Qi Baishi Painting Sells For 7.8 Million Yuan (US$1.2 Million), Seven Times Estimate
This week, the domestic Chinese auction house China Guardian held its first auction of the year, selling a grand total of 640 million yuan (US$98 million) worth of traditional Chinese paintings, calligraphy, antiques, rare books and porcelain to Beijing’s art-hungry collectors. And hungry they were, with the auction achieving a 90 percent sell-through rate. Broken down by category, painting and calligraphy grossed 494 million yuan ($75 million), porcelain, furniture and crafts surpassed the 100 million yuan mark for the first time, grossing 110 million yuan ($17 million), rare zisha teapots grossed 12 million yuan ($1.8 million), antique bottles of Maotai baijiu pulled in 11 million yuan ($1.7 million), and rare books grossed 828,000 yuan ($126,184).

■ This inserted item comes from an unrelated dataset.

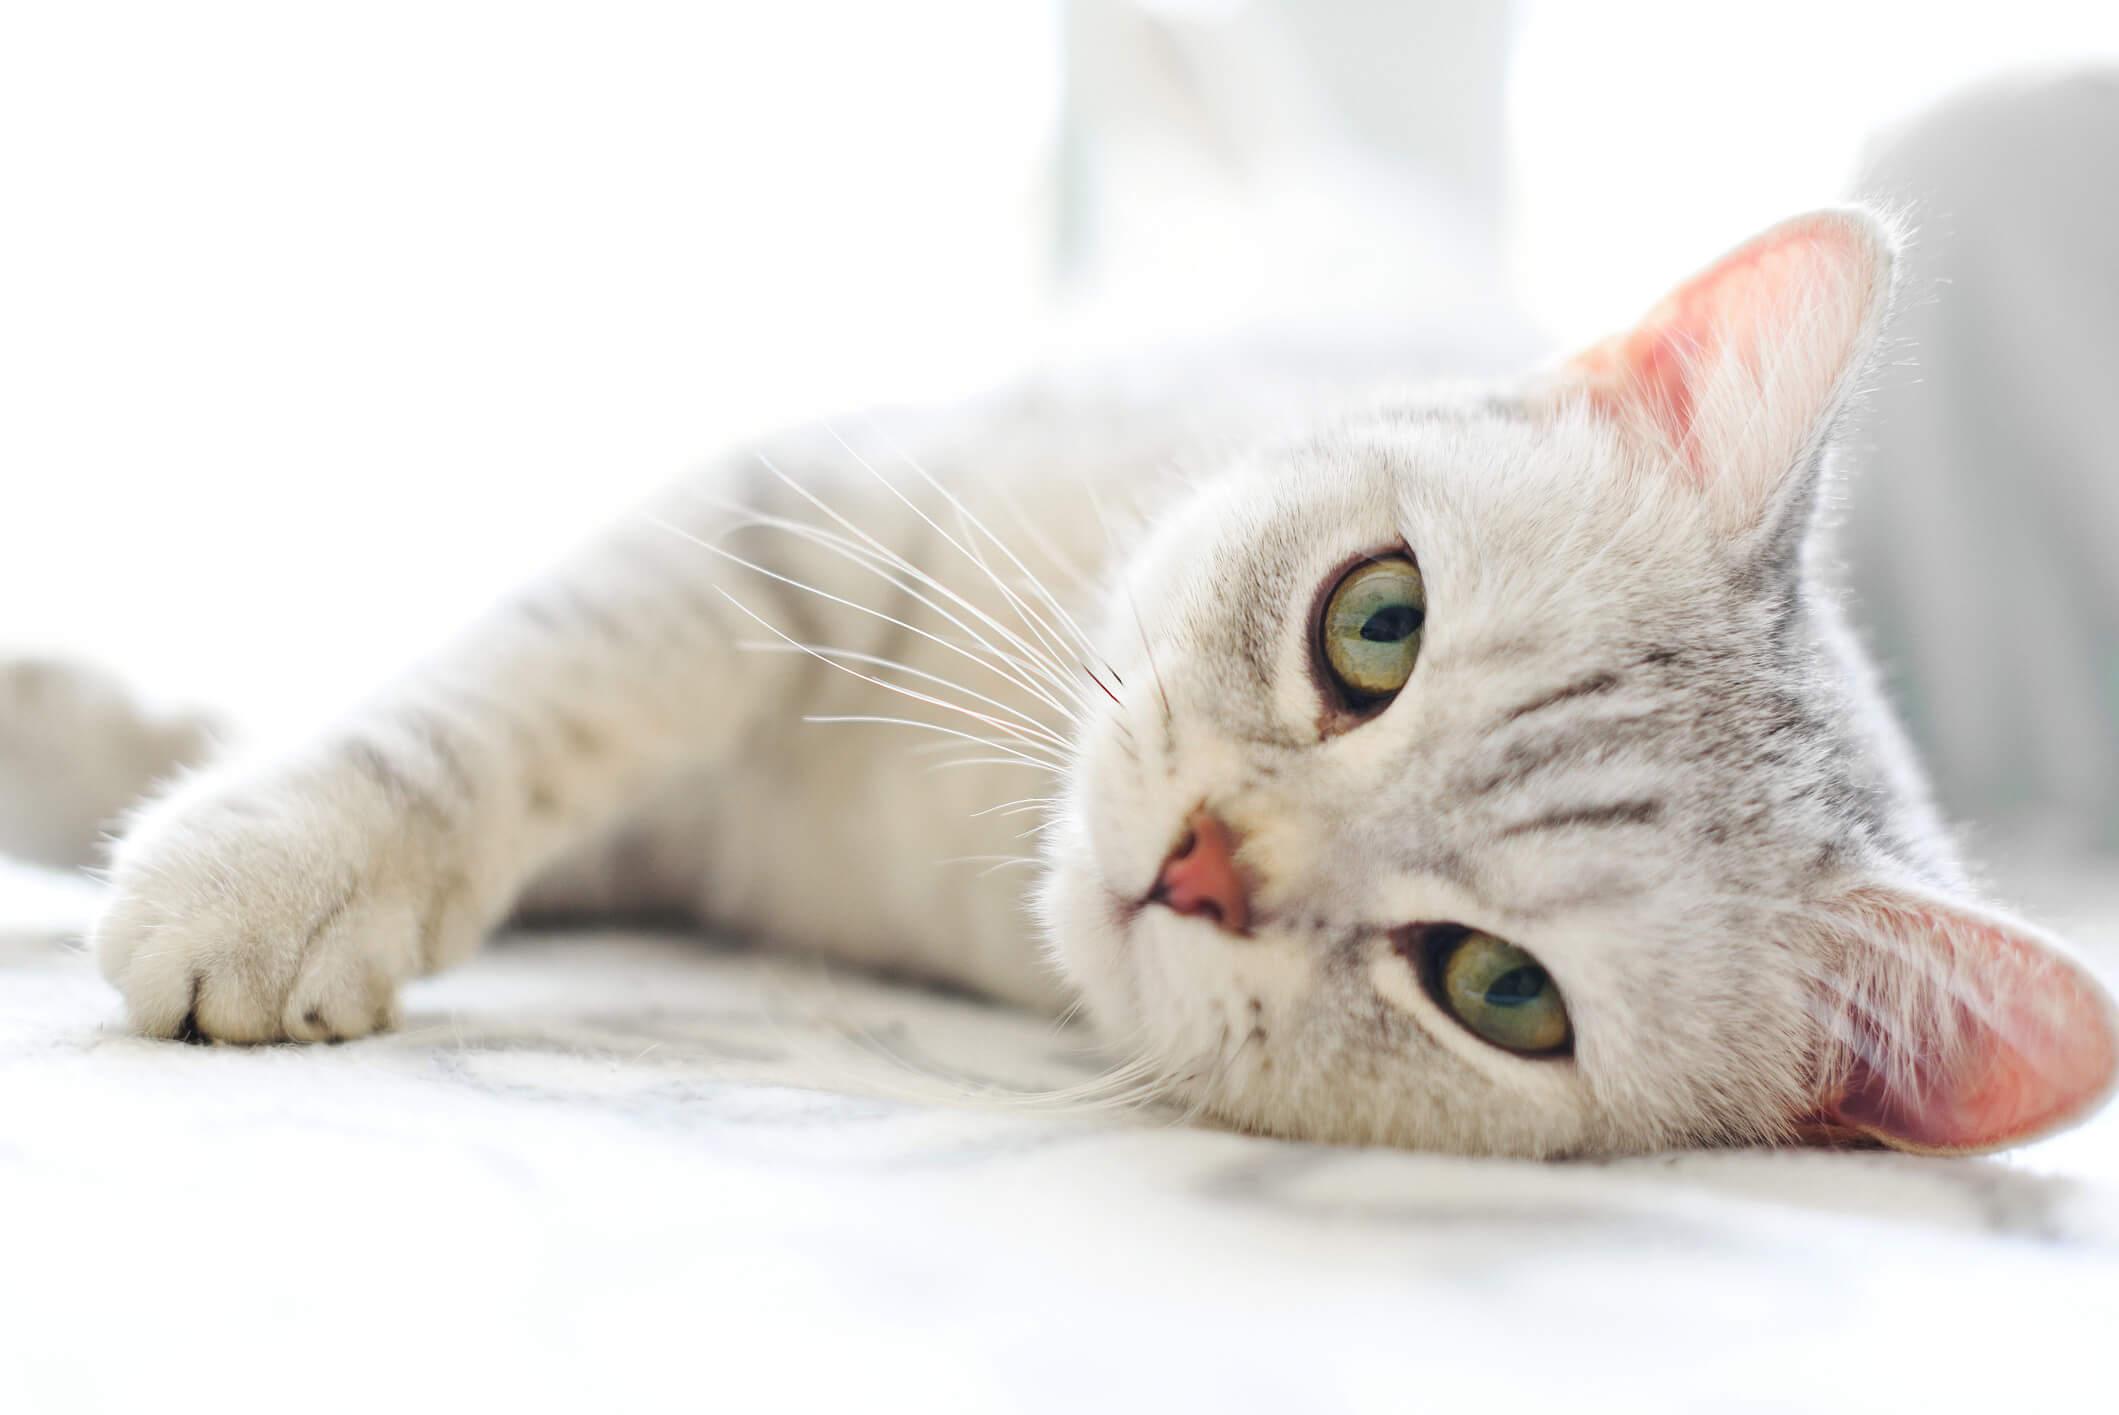 Simak! 3+ Cara Mengobati Kucing Demam dengan Cepat

Despite good showings all around, the painting and calligraphy segment — which broke its previous record — stands out, as several high profile works saw pitched bidding by local collectors. “Tie Guai Yi” (铁拐李) by Qi Baishi (齐白石, 1864-1957), whose works ranked second only to Picasso in sales last year, sold for 7.8 million yuan (US$1.2 million), seven times its pre-sale estimate. An antique calligraphic work by Wang Duo (王铎, 1592-1652) also excited bidders, eventually selling for 7.4 million yuan ($1.1 million). Contemporary calligraphy proved popular as well, with one work by Feng Dazhong (冯大中, b. 1949) selling for 5.2 million yuan ($762,000).
Though new Chinese collectors continue to focus heavily on painting — a trend that we’ll certainly see in action at the Sotheby’s spring auctions in Hong Kong next week — the market for rare baijiu (traditional Chinese spirits) also continues to heat up. Among the lots sold this week at China Guardian was a bottle of 1956 Maotai that set collectors ablaze, finally going for a whopping 1.8 million yuan ($274,000), beating the record-breaking 1958 bottle that sold for 1.45 million yuan ($220,000) last December.
With results like these, particularly for artists like Qi Baishi who have quietly become nearly as valuable as Western juggernauts like Picasso and Warhol, it’s no wonder China is now reportedly the world’s largest art market.